ChallengesThere are three major challenges to this project: Curriculum Development, Technology Challenges, and Research Methods.

Curriculum Development: We are finalizing the development of a curriculum that involves a senior Astronomy professor who has agreed to completely change this course into one that is project based. Issues of coverage, project definition, project evaluation, overall grading, grading of an individual within a group, and overwhelming students are at the forefront of his mind. We have been working with him to re-conceive these issues within a constructionist framework. There have been significant challenges. We are interested in this issue both for immediate pragmatic reasons and for issues of scale. This course is taught with a group of 16 students. On typical semesters, the course would enroll 200. We are interested in scaling up the project to the typical 200 and then to other universities. These curricular issues are vital for this type of scale up.

Technology Challenges: The VRML 2.0 standard is only a few months old, the VRML editor is only a few months old with little documentation, and the IU CAVE has been on-line for 2 months. As such, this project represents a unique confluence of technologies that have been untested in a freshman level, science-classroom situation.

Research Methods: The Future Camp 97 experience has taught us a lot about research methods in this type of setting. We have two challenges. One is creating a procedure to handle large amounts of videotape data. We are developing an innovative method in which the WWW is used as a front-end to a RealVideo database for data reduction, coding, and reporting the qualitative data. From here, the data is mapped out as nodes that ultimately end up as a graph theoretic representation of the learning that took place. In addition to the actor networks, we are investigating the use of small-space analysis to develop "pictures' that represent the rich dynamics among learners, teachers, various resources, and the technology afforded within these project-based learning environments (Salomon, 1996).
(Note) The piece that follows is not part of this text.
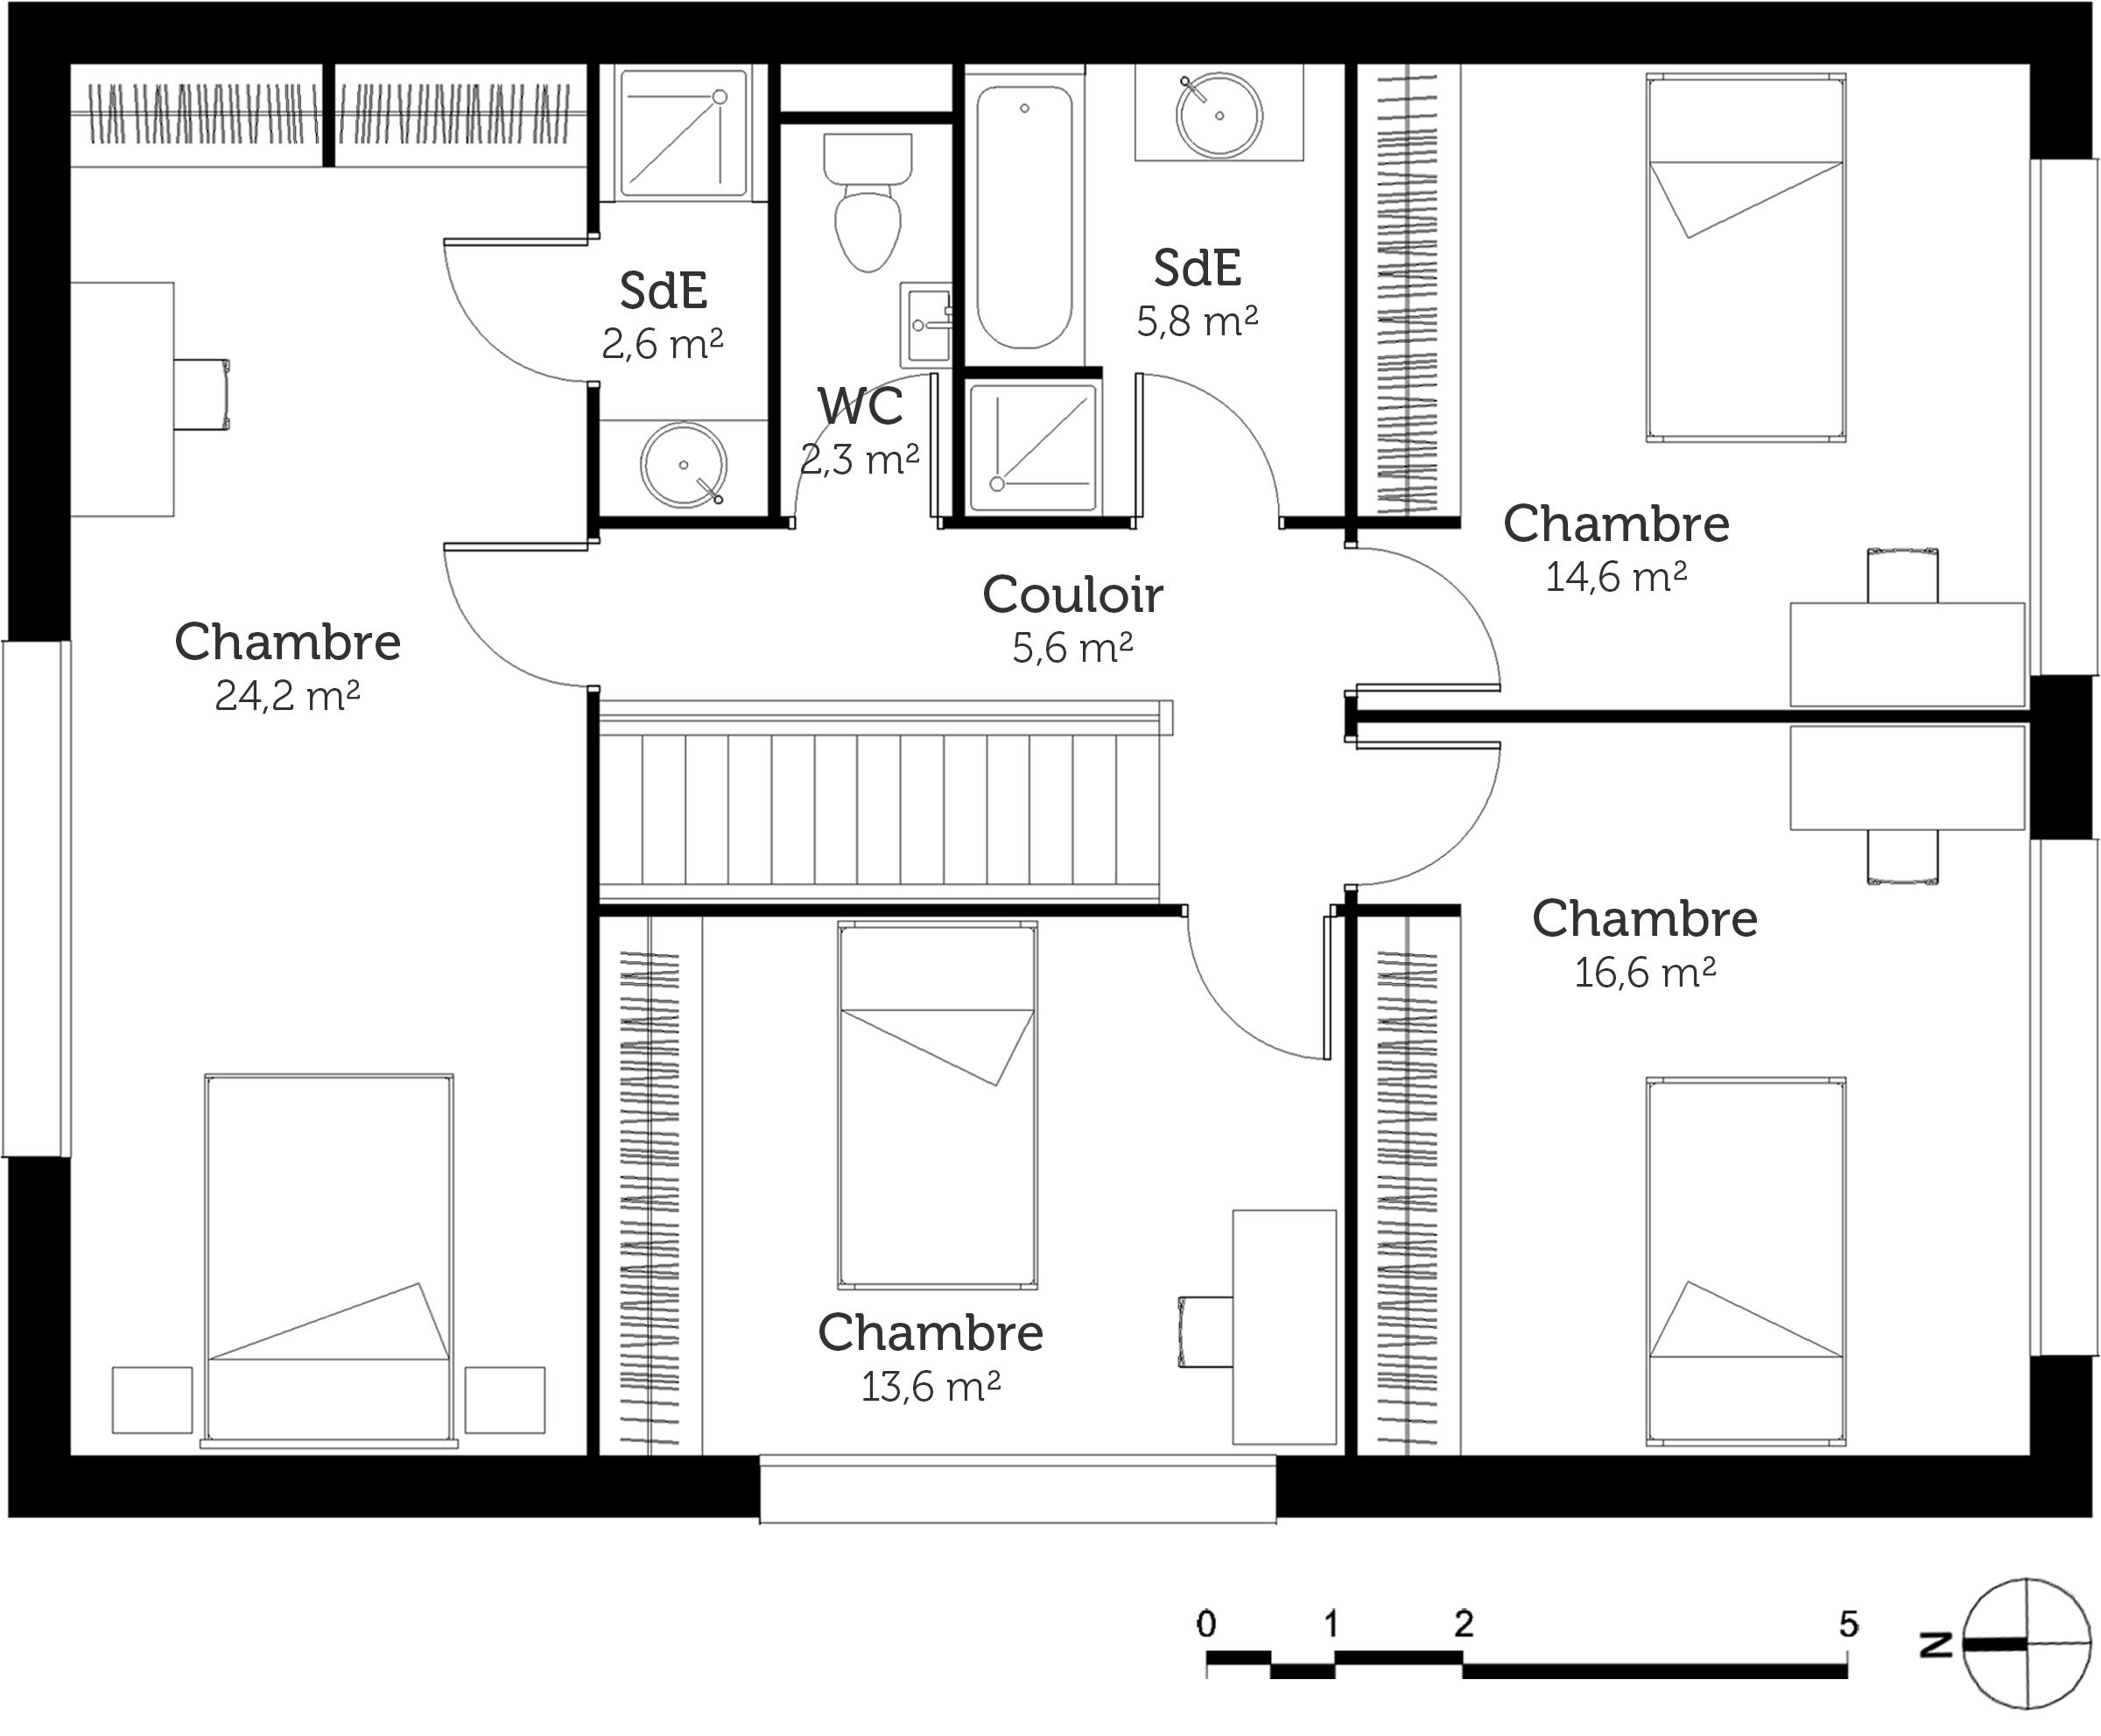 plan au sol du 1er etage plan de maison a etage avec 4 chambres

PartnershipThe types of partnerships we are looking for can be looked at on two planes: intra-project and inter-project.

Intra-project Research Partnerships - Partnerships that directly relate to the VRSS.
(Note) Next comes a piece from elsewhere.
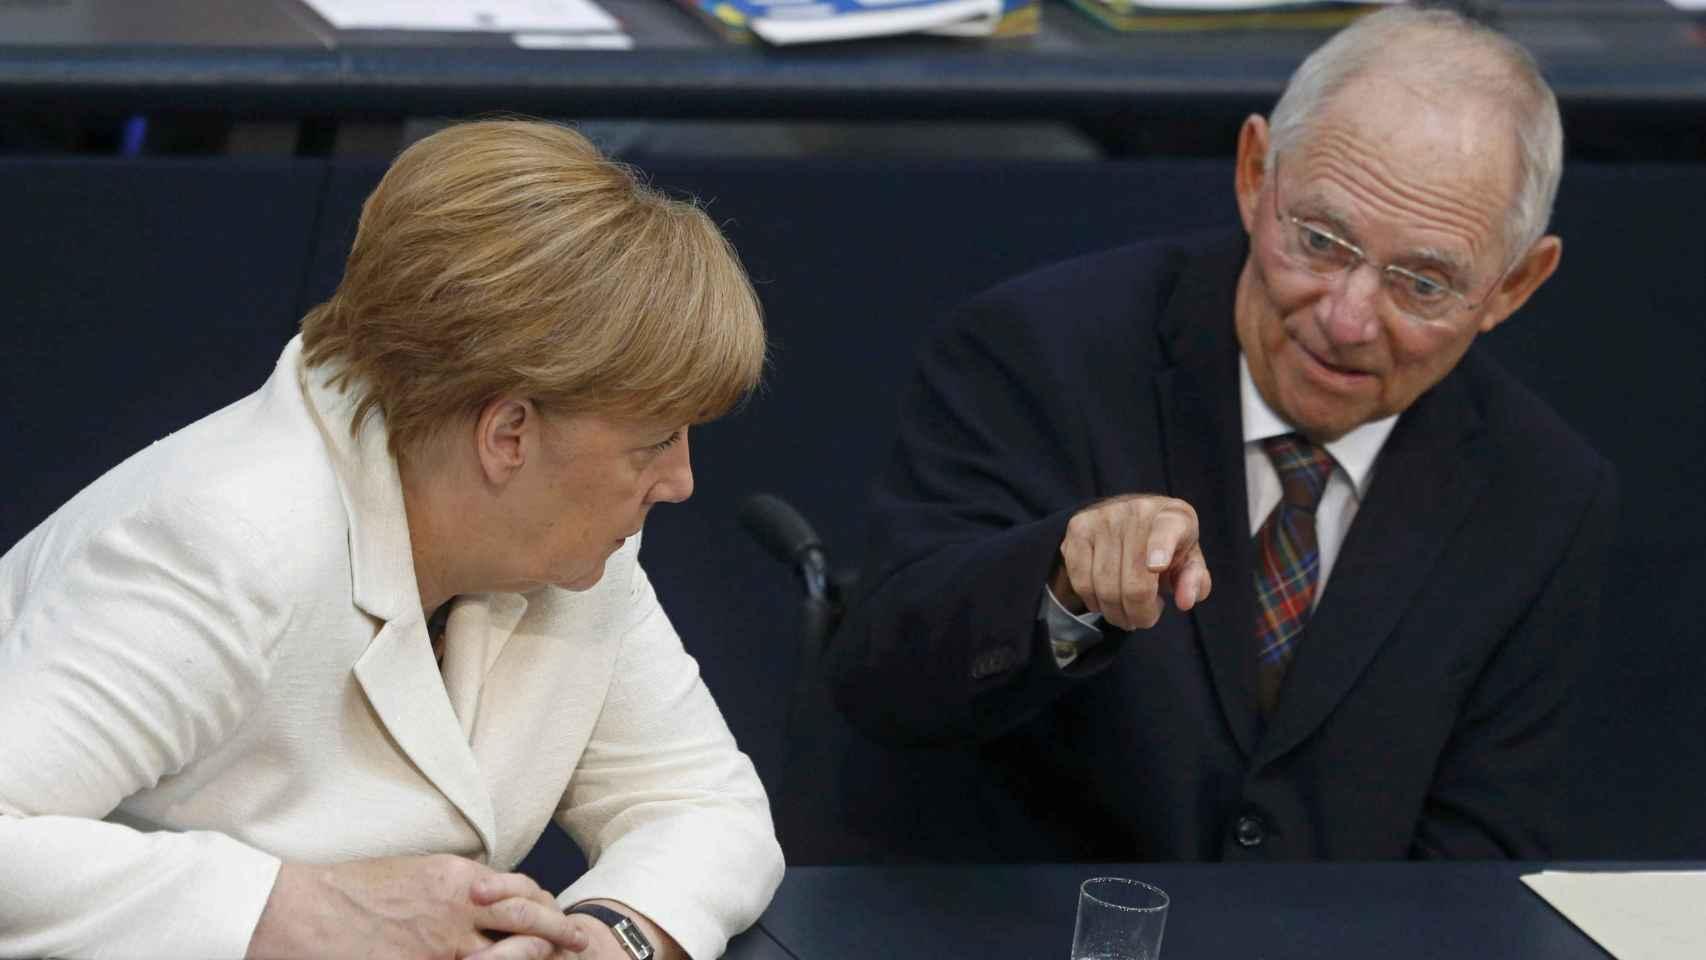 Angela Merkel y Wolfgang Schauble, canciller y ministro de finanzas de Alemania

Scaling the Project: We are interesting in identifying university partnerships with research and astronomy educators to take our project to other campuses and then conduct research on the process. LCD Interface: We will be constructing a LCD interface to the VRML editor in the near future based on our research findings with respect to where students need support in their developing understanding. We are interested in partners in several facets of this endeavor.

Research: We are interested in research methodologies that we may not have thought about that would illicit a better understanding of learning in these types of environments.

Technology Support: We are interesting in identifying any resources for using VRML and the CAVE.

Inter-project Research Partnerships - Partnerships with parallel interests

WWW Data Analysis Tool: We would be interested in sharing our ideas and developing tools with other projects. We are also interested in collaborations that would build robust and powerful tools for "virtual research teams."

Meta-Studies: We are interested in being a part of a meta-study that would bring a number of similar projects together and ask similar questions, using similar methods, about these types of environments.

CAVE: We are interested in identifying projects that would be appropriate for the educational use of the CAVE/Immersadesk at IU. There is a significant commitment to exploring the use of this technology for education. We need interest and powerful applications to make that commitment into a reality.